Jake Colman writes:
I've been thinking about following the beta releases a bit more
closely and
possibly getting more involved. According to the web site, the last beta
release was 21.5.27 on May 16, 2006. Has it really been over a year since a
beta release was done?
The honest answer is "yes." It is true that 21.5.28 was released on
May 21, but I dropped the ball on posting the web message.
Also, is there a summary of the new features that will be included in
the
next major release when the beta cycle is completed?
No. A random selection of stuff that currently is in the mainline, in
more or less advanced state of progress:
1. A major revision of Mule, with reasonably good support for Unicode
at the code point level.
1A. We hope to switch to Unicode as the internal encoding, but no real
work has been published on this yet.
2. New garbage collection algorithm.
3. Generational garbage collector to take advantage of the the GC
framework.
4. Piss-poor support for anti-aliased fonts via Xft on X platforms.

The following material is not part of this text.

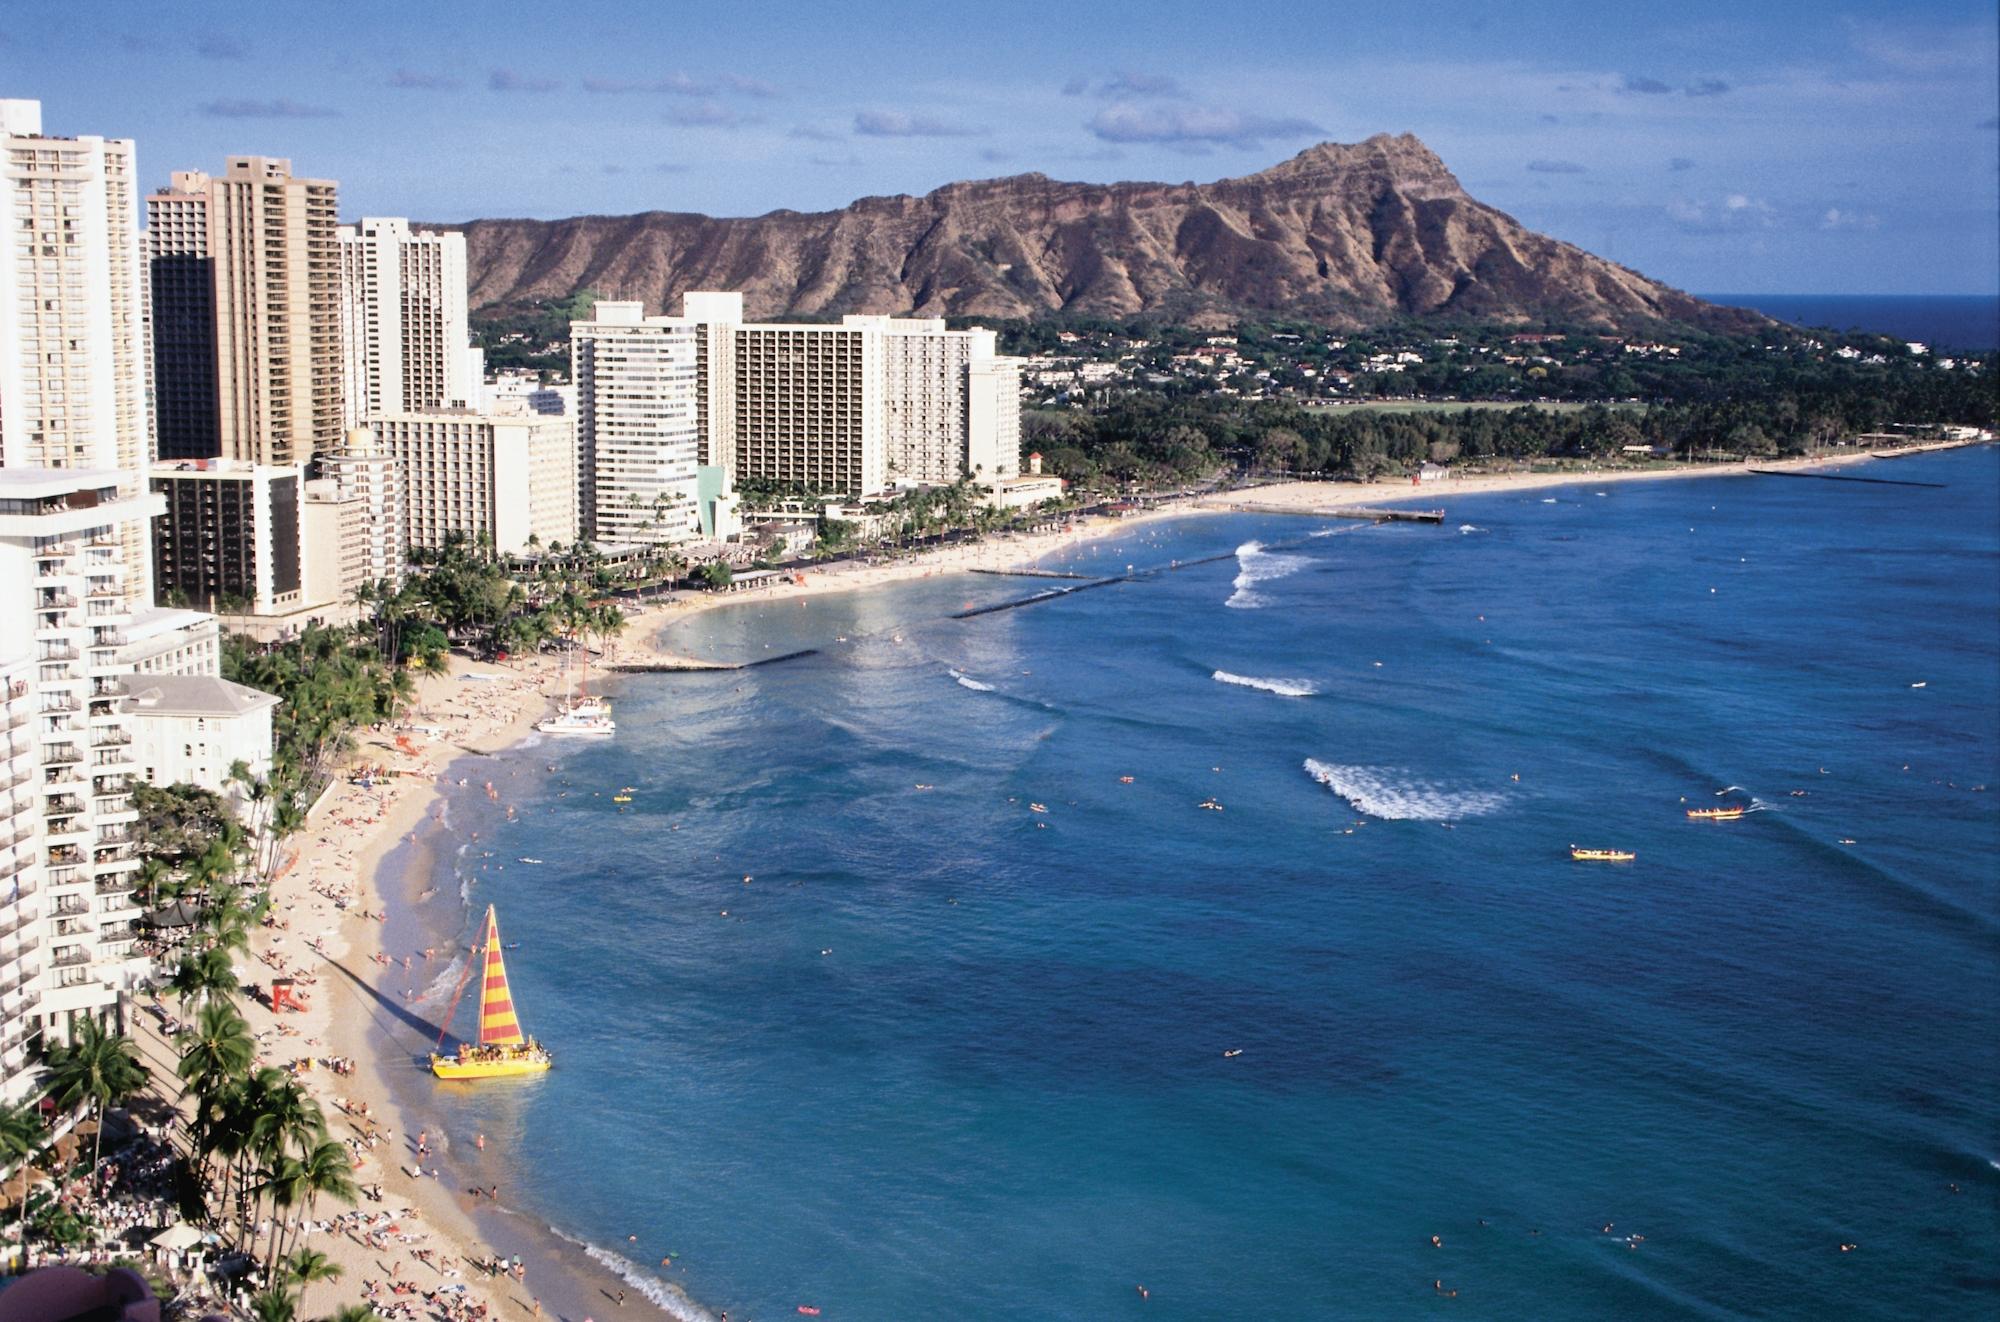 Hawaii, Waikiki Beach, Oahu
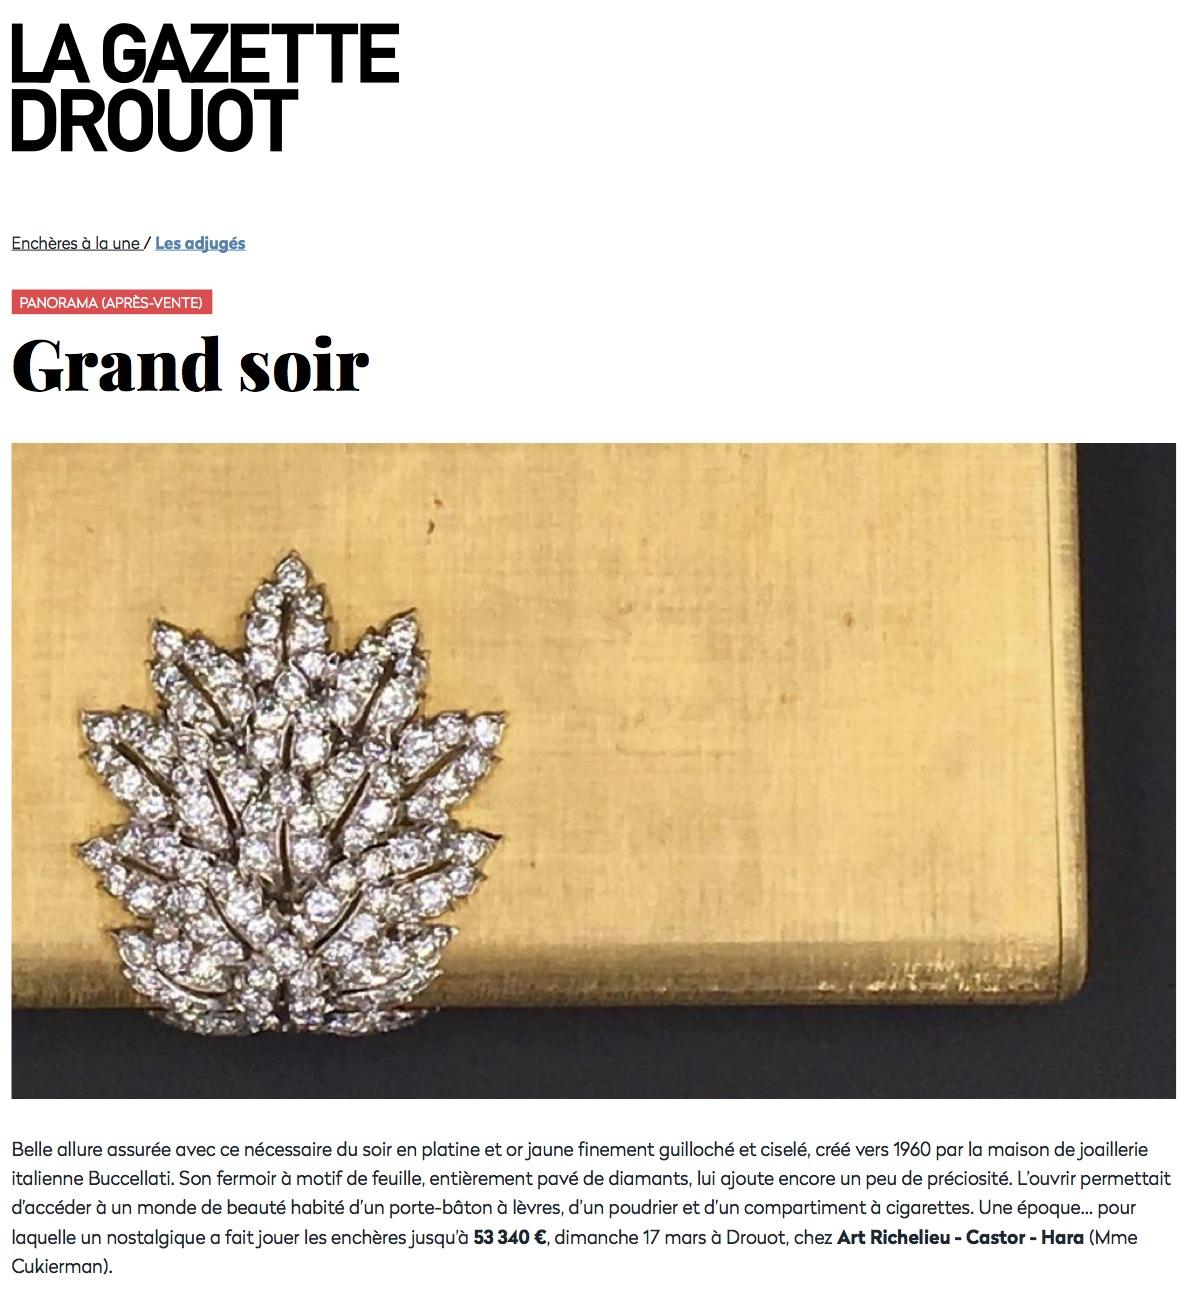 Après-vente Grand soir Gazette Drouot Expert Cukierman vente aux encheres jewellery and watches

It's beautiful and quite usable if you know your way around Xft
and fontconfig, but from the point of view of the general user it
hardly deserves more praise than "proof of concept".
5. Canna (Japanese input method) support has been modularized.
6. Some improvements in pixel-oriented window configuration.
6A. It's been suggested that we should do all the low-level stuff in
pixels, and only provide character-based config as a user
convenience. No work done yet.
7. Random fiddling with Mule stuff.
8. Random syncs to GNU Emacs.
9. A framework for "behaviors", which are an interface to global
minor modes.
Stuff I'd like to see (and have done some work on, besides 1A):
10. Modules for curl, and neon, and maybe expat, libxml2, or gitlib
support. (libcurl and neon support are ready to go anytime, I
think, except that I have no tests or application code for them.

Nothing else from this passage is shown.